■ **TRY IT**:
Starting at the line that contains "HUMANITY IS SCREAMING", reproduce only the lines through the end of the data, exactly, including both the first and the last; skip the pictures.

■ **DATA EXTRACT**:
-.-.-
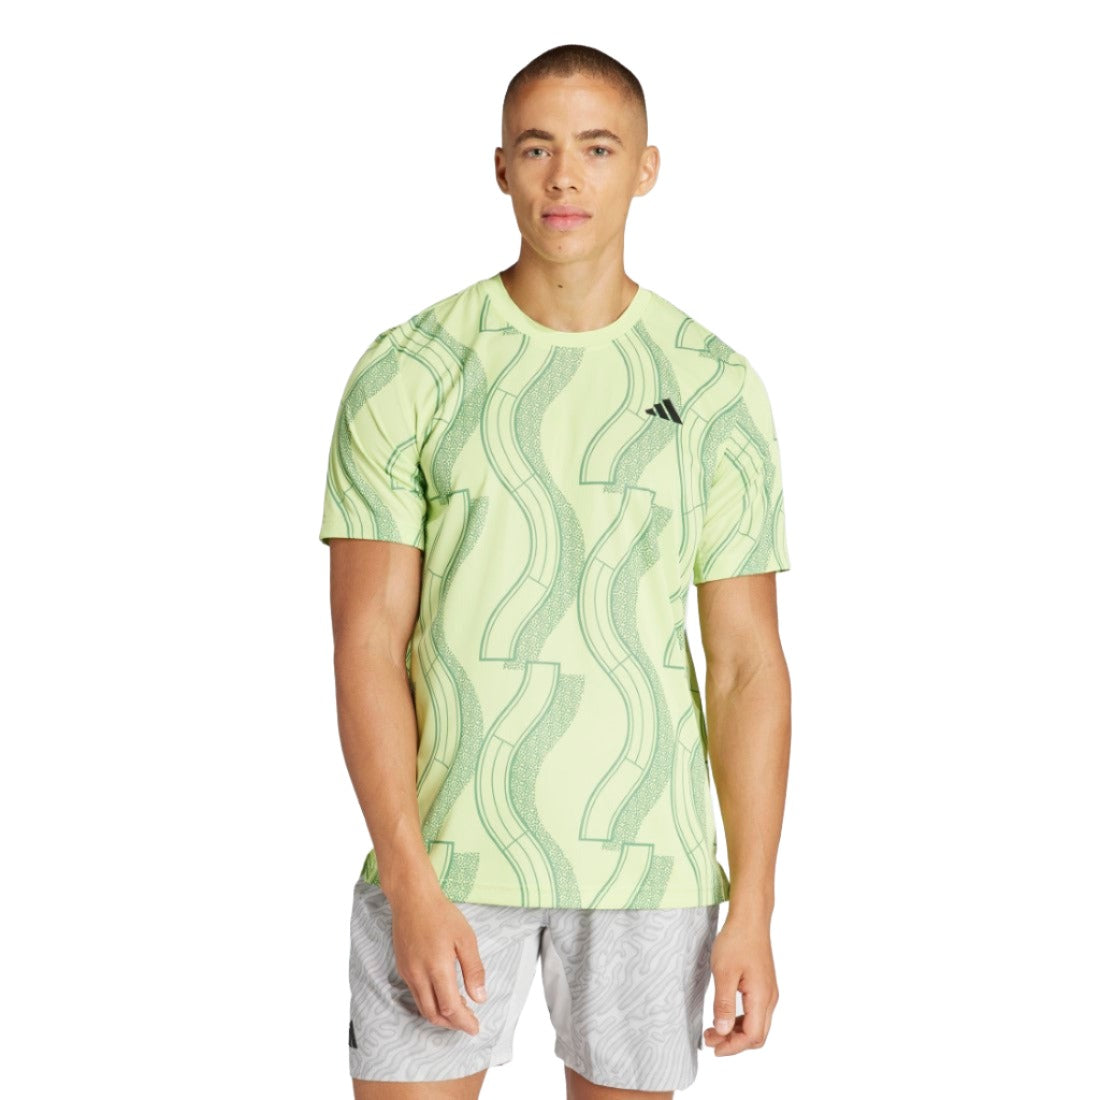 Club Tennis Graphic T-Shirt
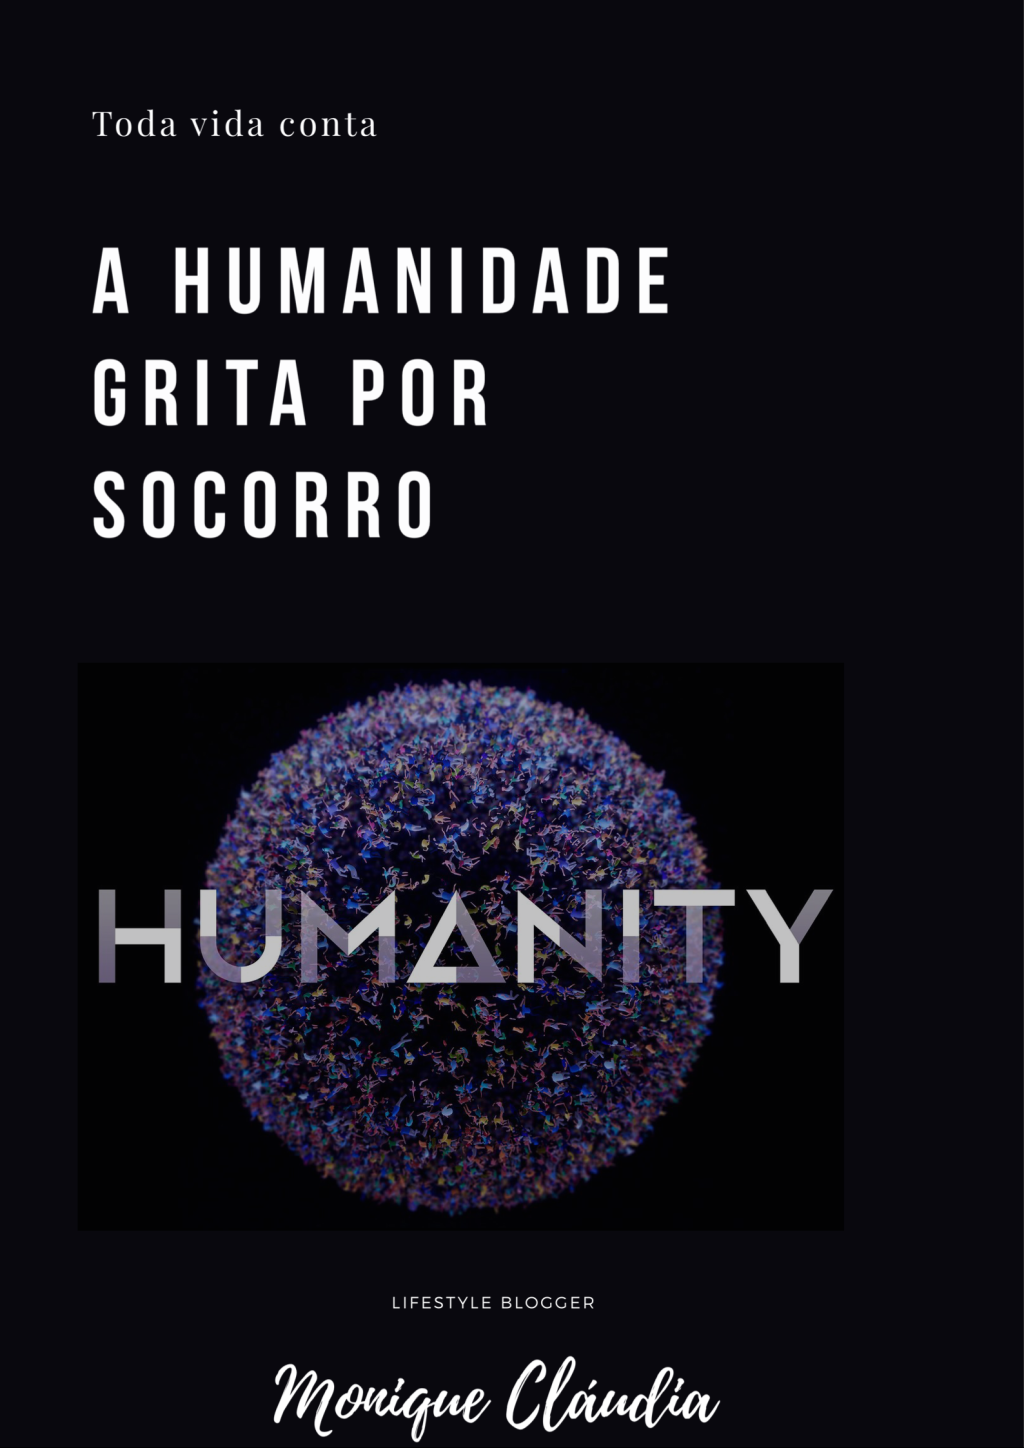 HUMANITY IS SCREAMING FOR HELP/A HUMANIDADE GRITA POR SOCORRO
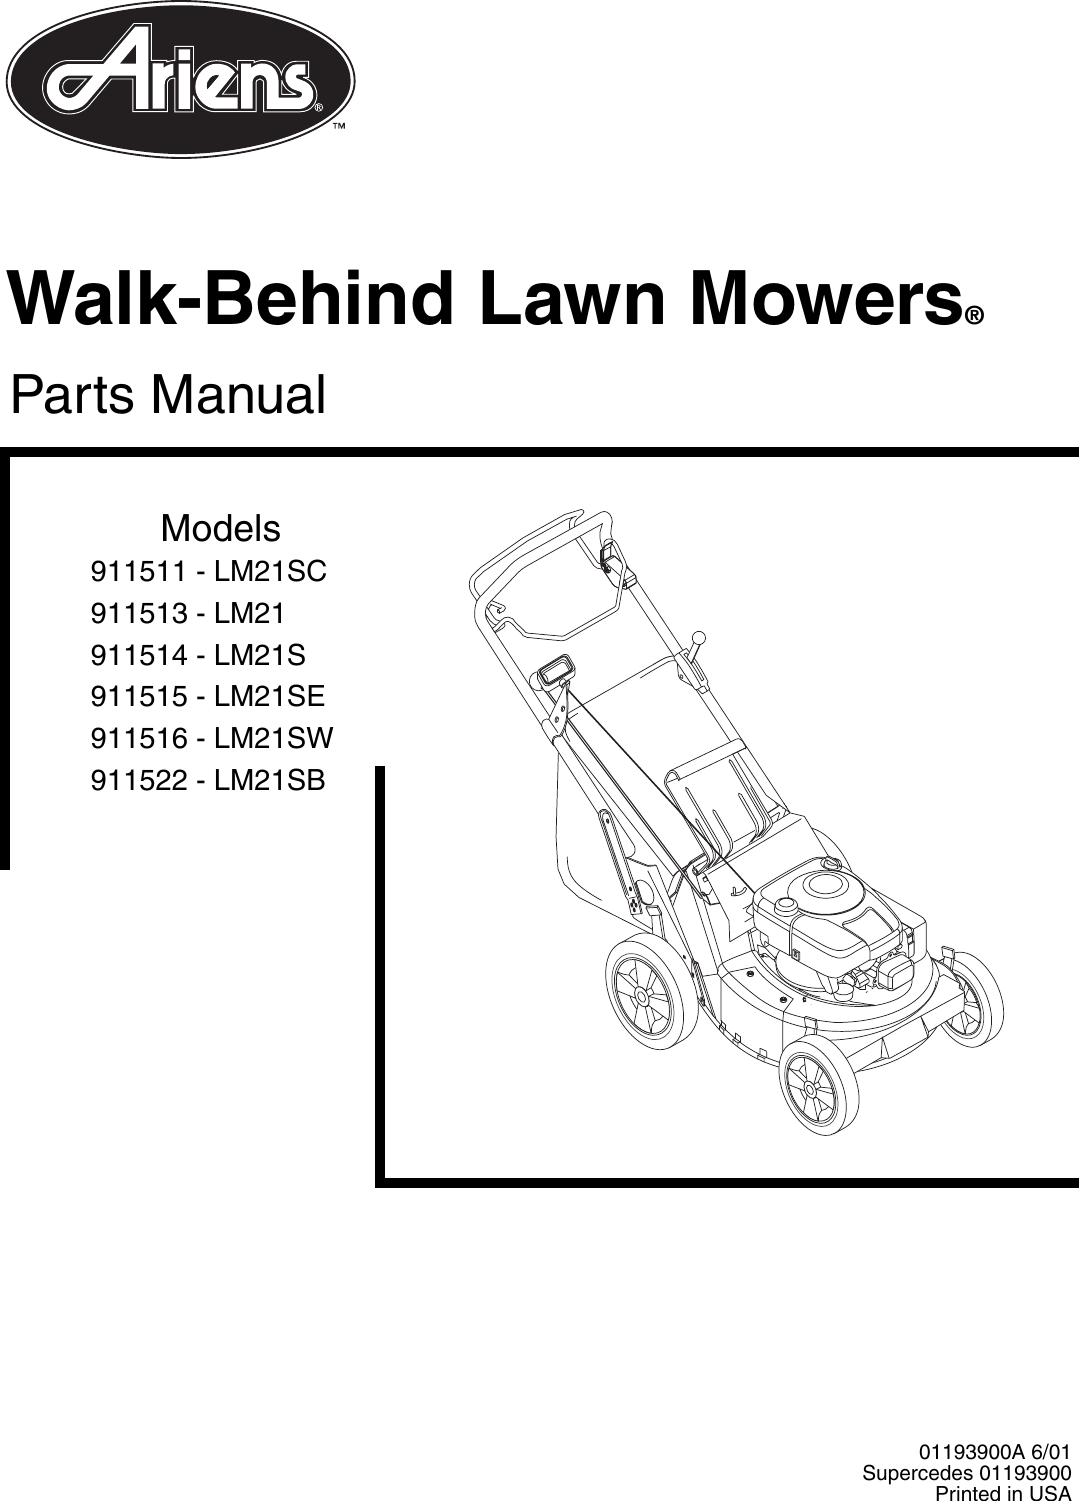 New Ariens Walk Behind Lawnmower Swivel Wheel Front Wheel Tire Set of 2 07149900
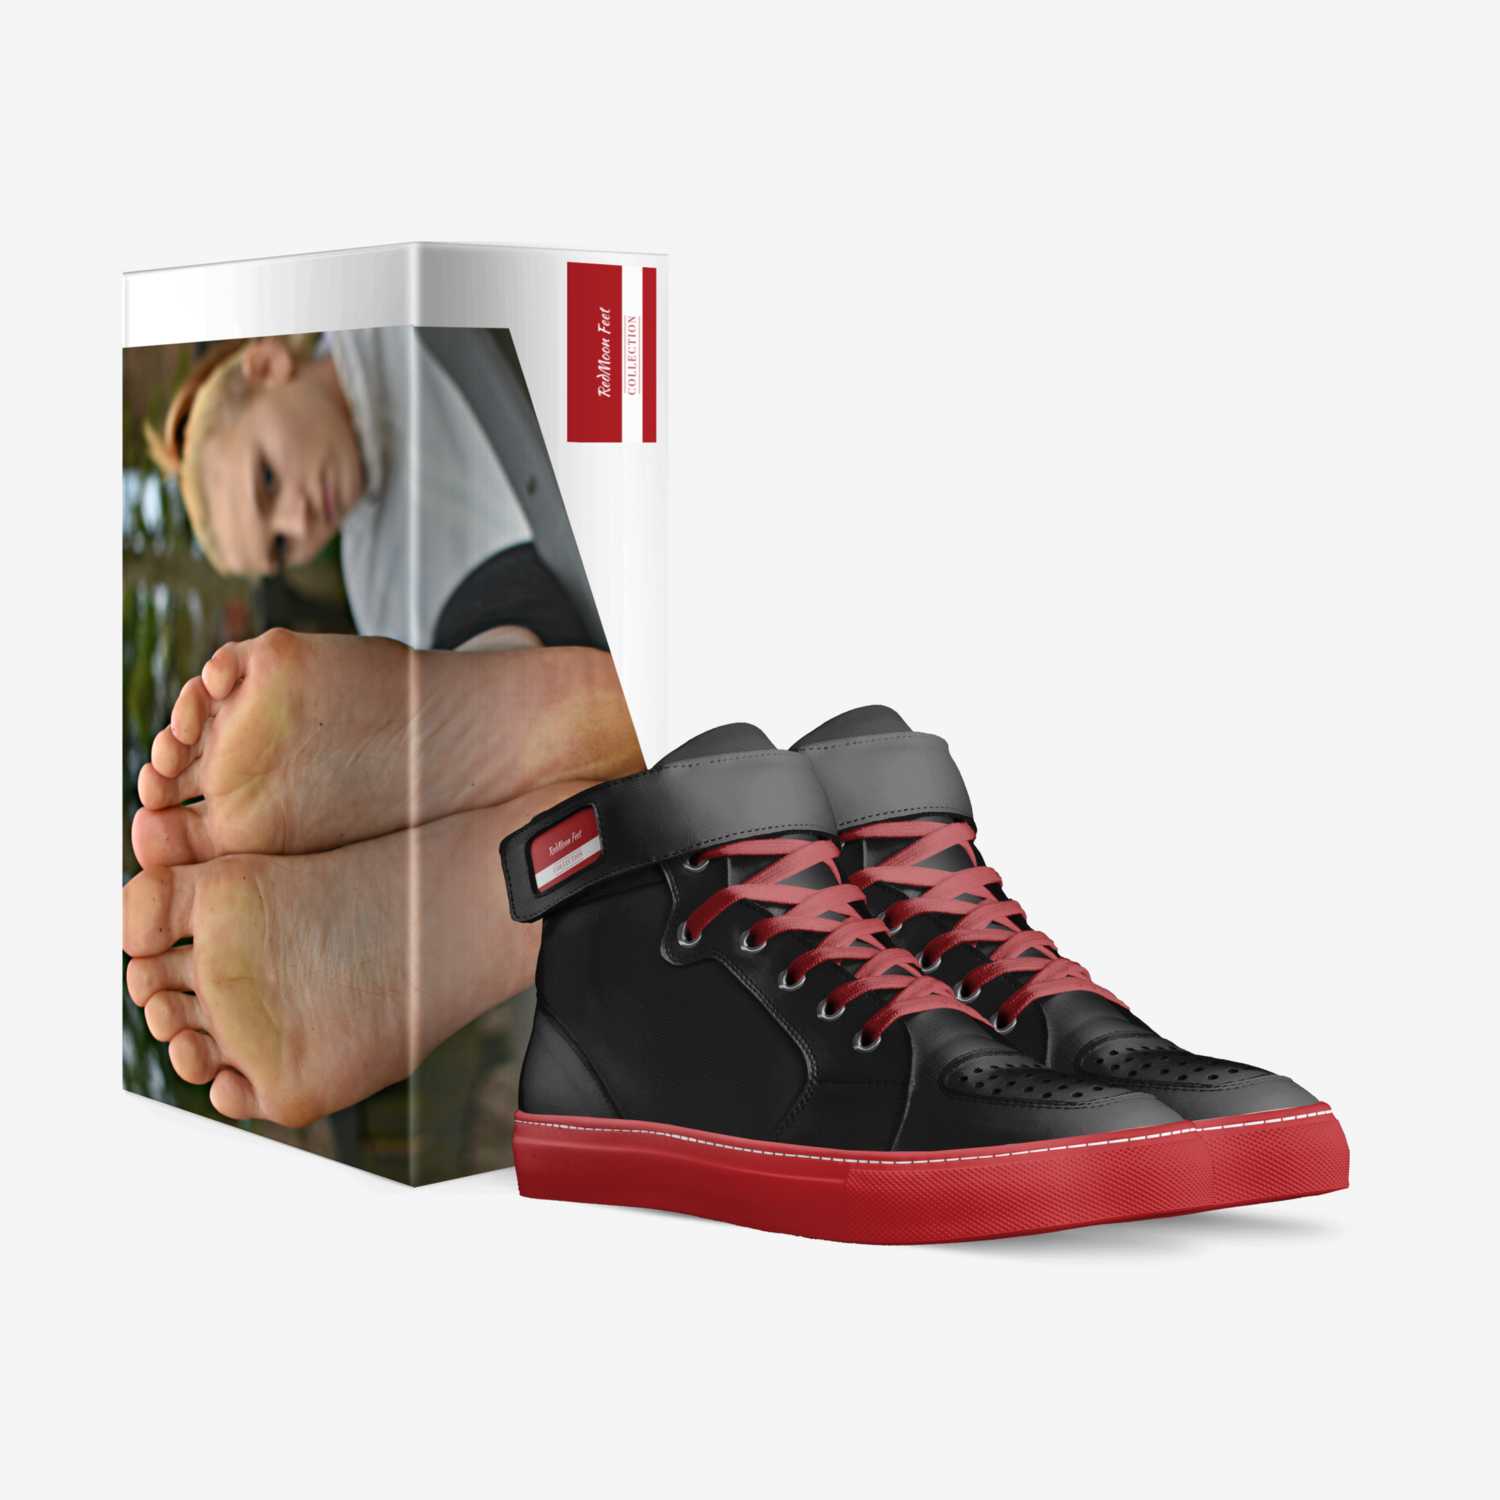 RedMoon Feet custom made in Italy shoes by Darien Portman | Box view
-.-.-
■ **EXERCISE RESPONSE**:
 HUMANITY IS SCREAMING FOR HELP/A HUMANIDADE GRITA POR SOCORRO
 New Ariens Walk Behind Lawnmower Swivel Wheel Front Wheel Tire Set of 2 07149900
 RedMoon Feet custom made in Italy shoes by Darien Portman | Box view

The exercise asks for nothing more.